#977 "Disappearing" CentOS CI machines
Closed: Fixed with Explanation 2 years ago by arrfab. Opened 2 years ago by mrc0mmand.

Since tomorrow I've noticed that sometimes the machines provided by CentOS CI "disappear" - i.e. the machine is no longer reachable and ssh-ing to it ends up with "Name or service not known".

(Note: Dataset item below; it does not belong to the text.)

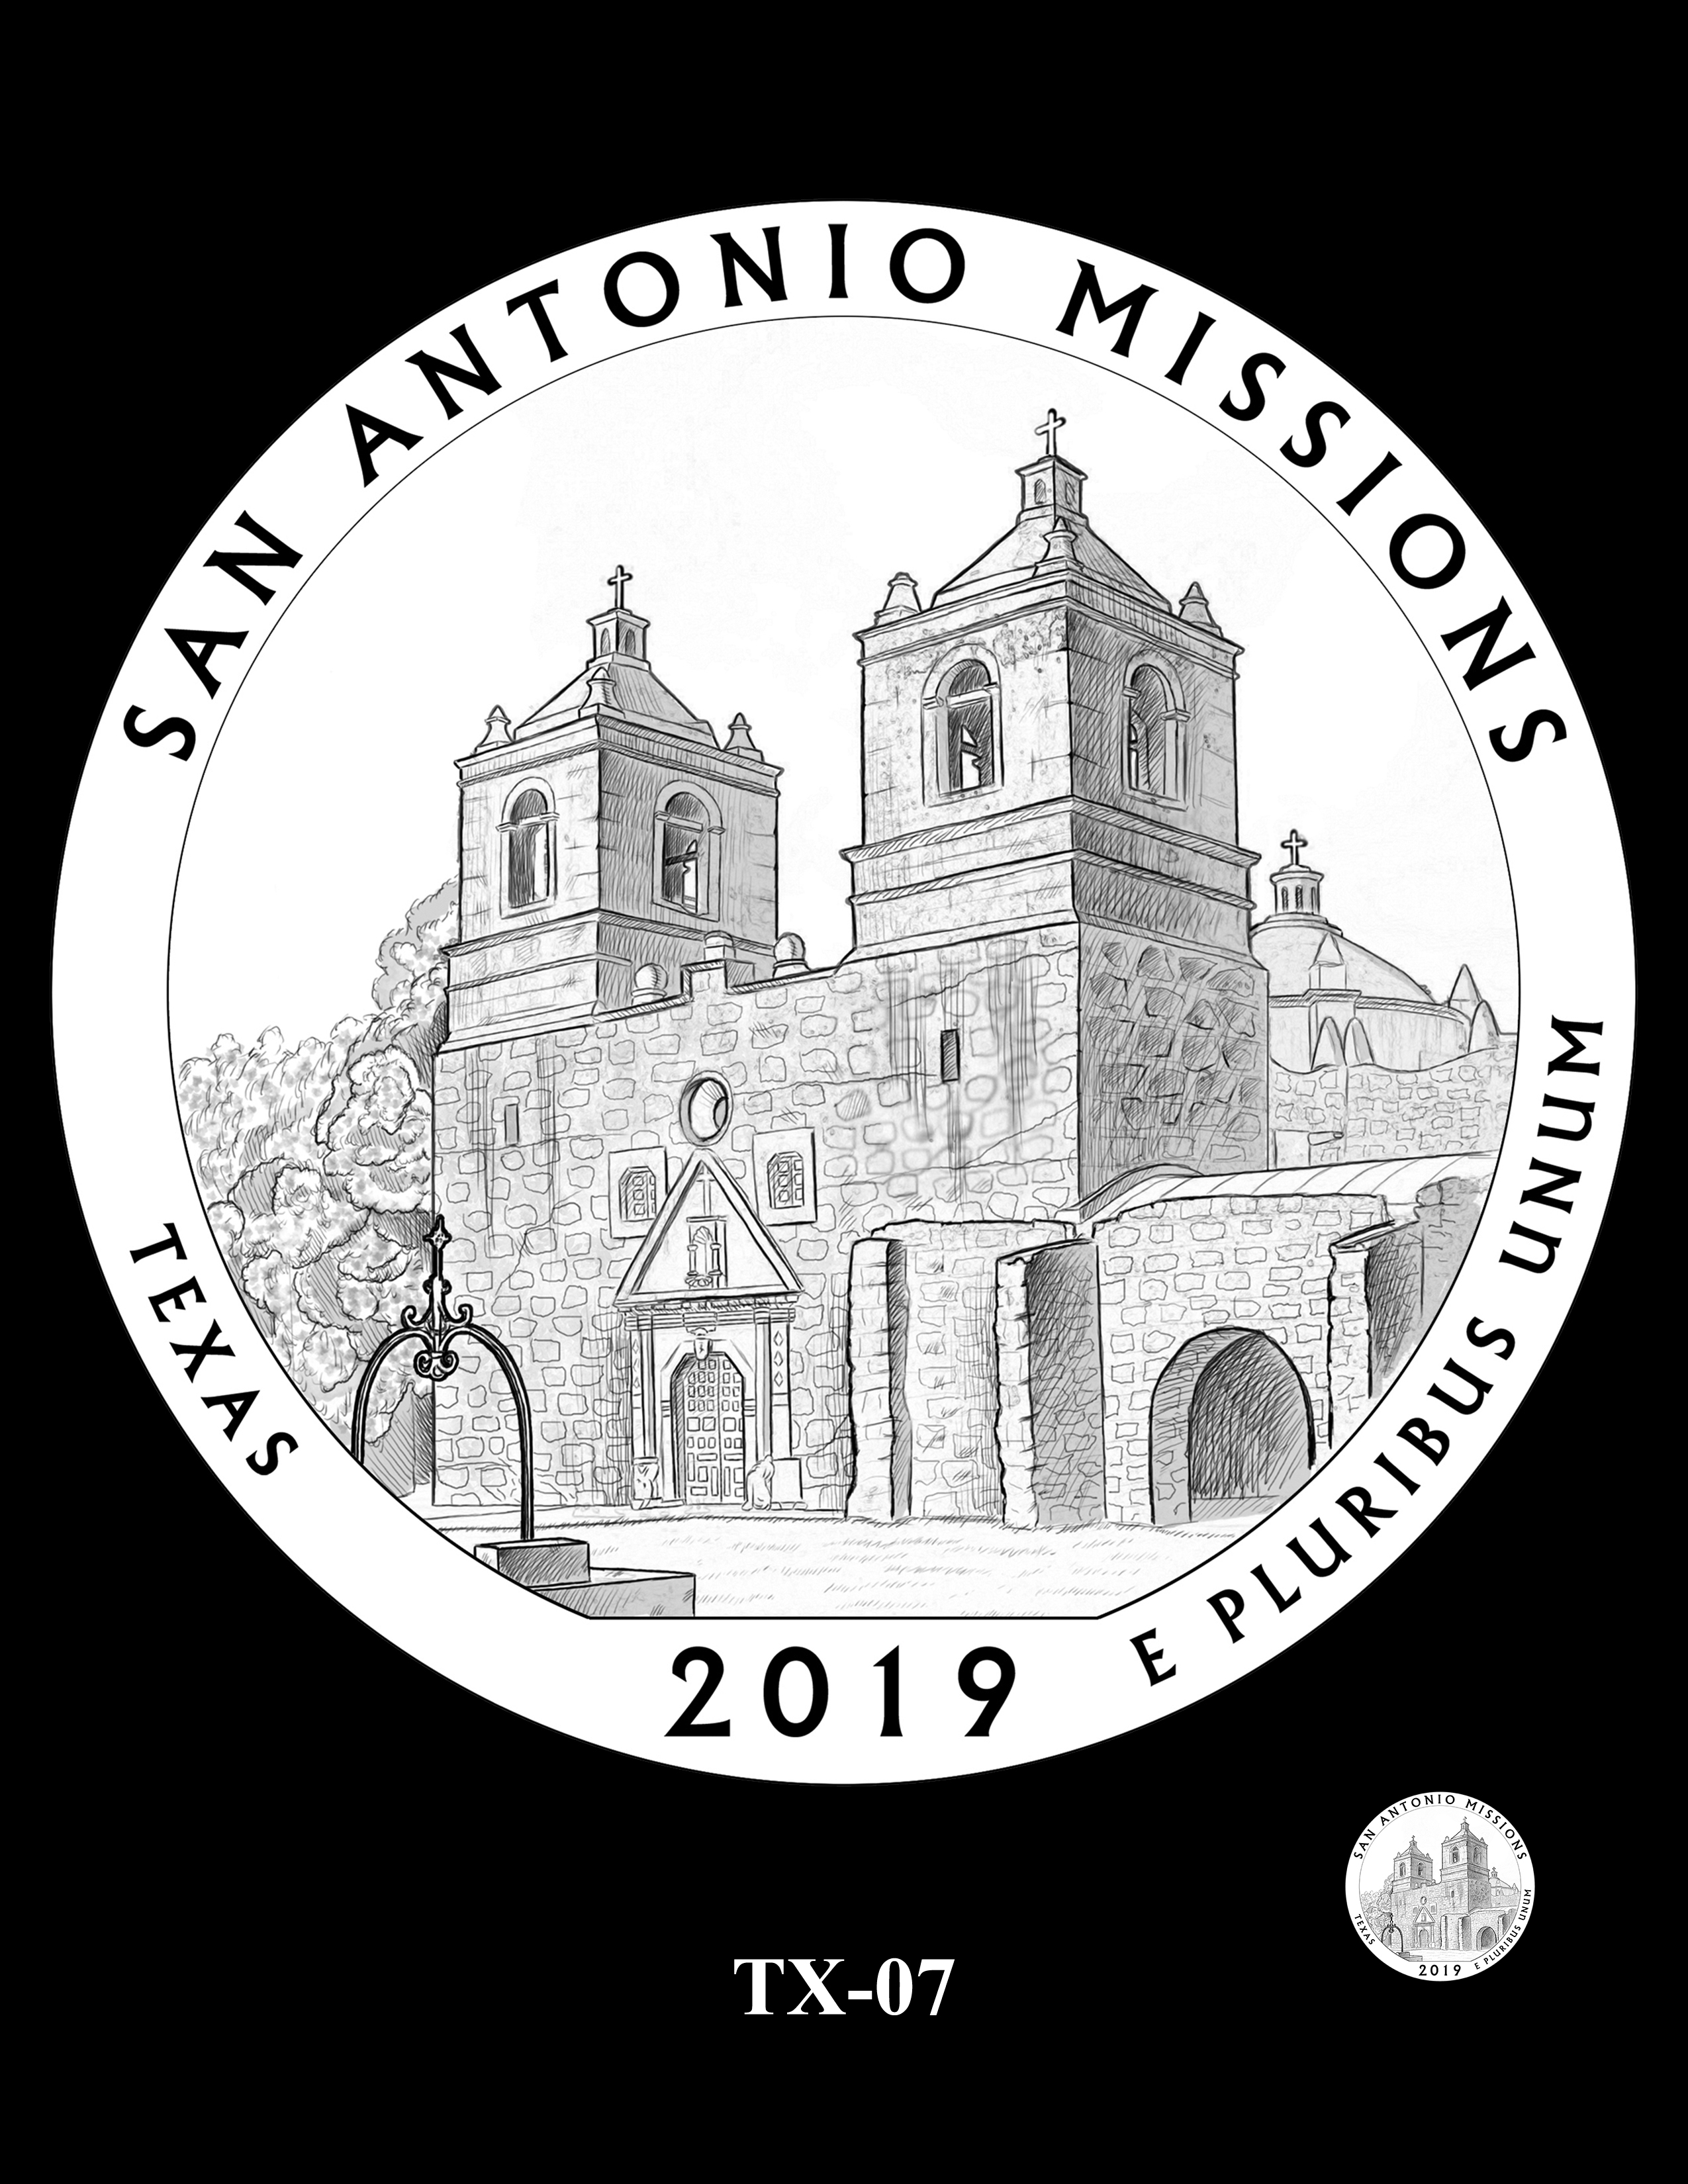 TX-07 -- 2019 America the Beautiful Quarters® Program
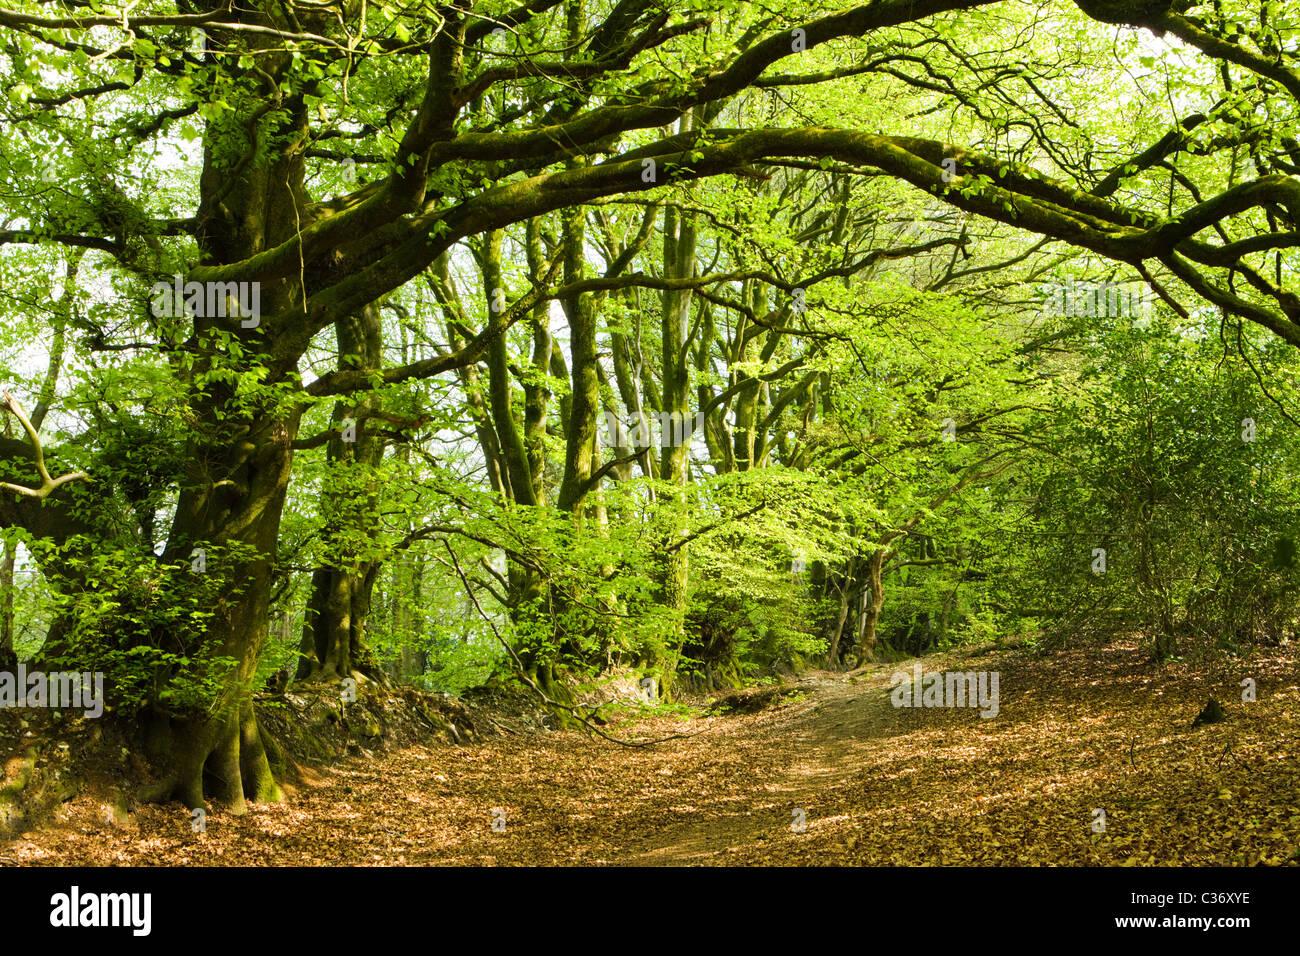 Madera Dommett, Somerset, Reino Unido. Hayedos. Imagen De Stock

The first occurrence (given the logs I have at hand) was on 2022-11-22 ~23:35 CET:

ssh: Could not resolve hostname n27-18-187.pool.ci.centos.org: Name or service not known
ssh: Could not resolve hostname n27-24-219.pool.ci.centos.org: Name or service not known
ssh: Could not resolve hostname n27-28-155.pool.ci.centos.org: Name or service not known

Another one happened today (2022-11-23) around 15:50 CET:

ssh: Could not resolve hostname n27-15-186.pool.ci.centos.org: Name or service not known
ssh: Could not resolve hostname n27-33-104.pool.ci.centos.org: Name or service not known
ssh: Could not resolve hostname n27-32-227.pool.ci.centos.org: Name or service not known
ssh: Could not resolve hostname n27-12-43.pool.ci.centos.org: Name or service not known
ssh: Could not resolve hostname n27-12-99.pool.ci.centos.org: Name or service not known
ssh: Could not resolve hostname n27-34-239.pool.ci.centos.org: Name or service not known
ssh: Could not resolve hostname n27-44-94.pool.ci.centos.org: Name or service not known
ssh: Could not resolve hostname n27-29-55.pool.ci.centos.org: Name or service not known
ssh: Could not resolve hostname n27-24-180.pool.ci.centos.org: Name or service not known
ssh: Could not resolve hostname n27-40-14.pool.ci.centos.org: Name or service not known

It seems to happen in all pools we use (i.e. both metal and T2 ones, C8S and C9S).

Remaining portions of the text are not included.